SCOTT SHALAWAY Can you believe it? A squirrel-eating hawk!
The world would be a better and more productive place if we all concentrated on doing what we do best. Yet, with distressing regularity, local bureaucrats step outside their areas of expertise.
When this happens in the realm of wildlife conservation, I call it "vigilante wildlife management." The latest example occurred in Charleston, West Virginia.
The grounds of the Capitol Complex in Charleston are lined with tall, mature oak trees, which produce lots of acorns. Consequently, the Capitol Complex also harbors a healthy population of gray squirrels. They are well-fed, fat, and sassy.
And to any predator that ventures onto the Capitol Complex, they are delicious and nutritious. Just ask the red-tailed hawk that has had the audacity to feast on the tasty bushytails. Sounds like a great place to teach kids about energy flow through a food chain.
But a group of squirrel lovers objected to the natural order of things. They complained about the hawk killing the squirrels.
Misguided: This is where the misguided bureaucrat stepped in. According to a story in the Charleston Gazette, General Services Director David Pentz decided to take care of the "problem." But instead of consulting wildlife biologists who have offices on the very same Capitol Complex, and who no doubt enjoy the squirrels as much as anyone, Pentz made independent arrangements to have the hawk removed.
Had he elected to respect the limits of his own knowledge and consulted with state wildlife biologists, Pentz would have learned some very basic and important information. Hawks, like all native birds, are protected by federal law, and the feds don't take kindly to people removing birds arbitrarily. That's one reason we have these laws in the first place. Furthermore, state wildlife officials would also have to approve the removal.

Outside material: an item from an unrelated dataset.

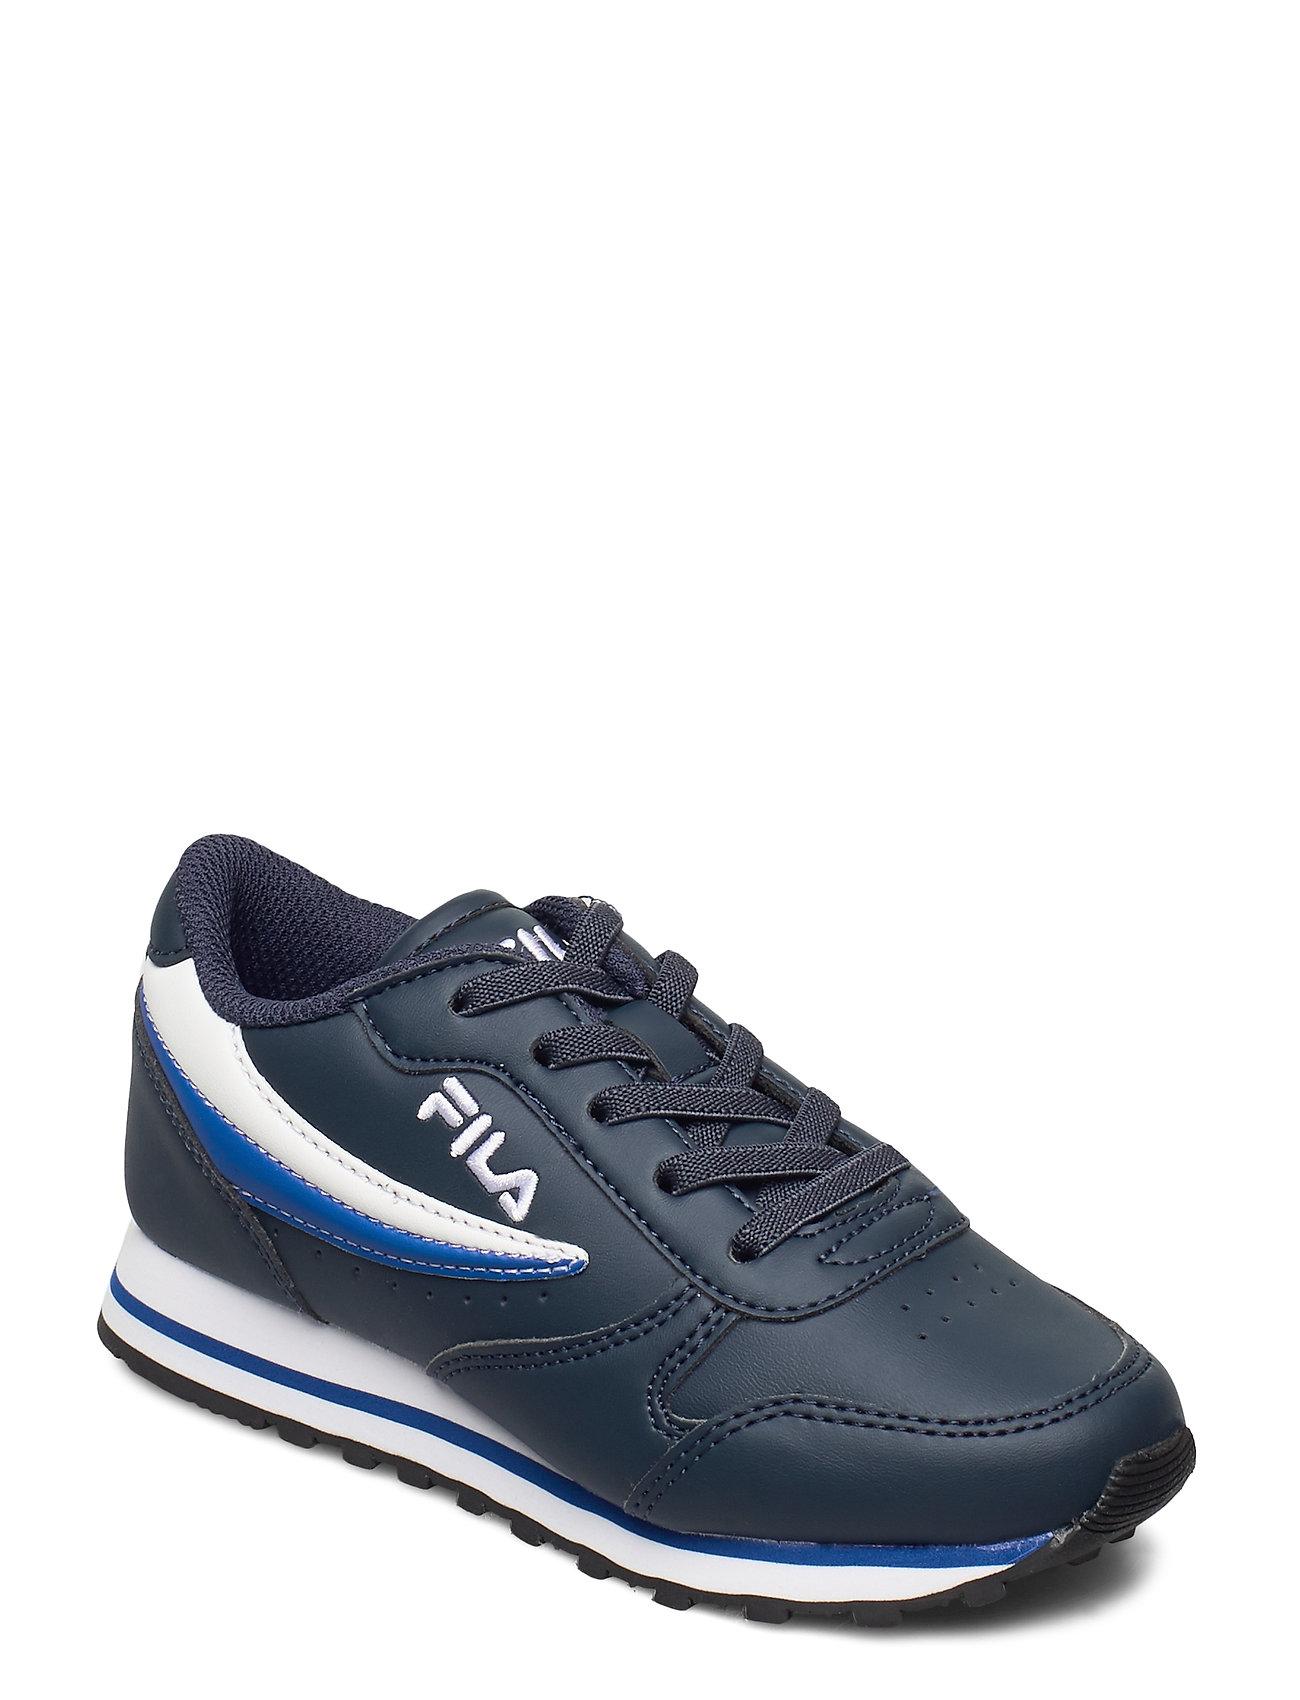 Image of Orbit Low Kids Sneakers Sko Blå FILA (3454944591)

I also suspect that had Pentz consulted with state biologists, he would have been encouraged to use this widely viewed interaction of predator and prey as an educational opportunity. Predators kill and eat prey every day. That's what drives energy flow in any ecosystem. Usually predation goes unseen.
Most of us rely on televised nature programs to see how nature works, and even then we're often warned that the program, "contains images that might disturb some viewers."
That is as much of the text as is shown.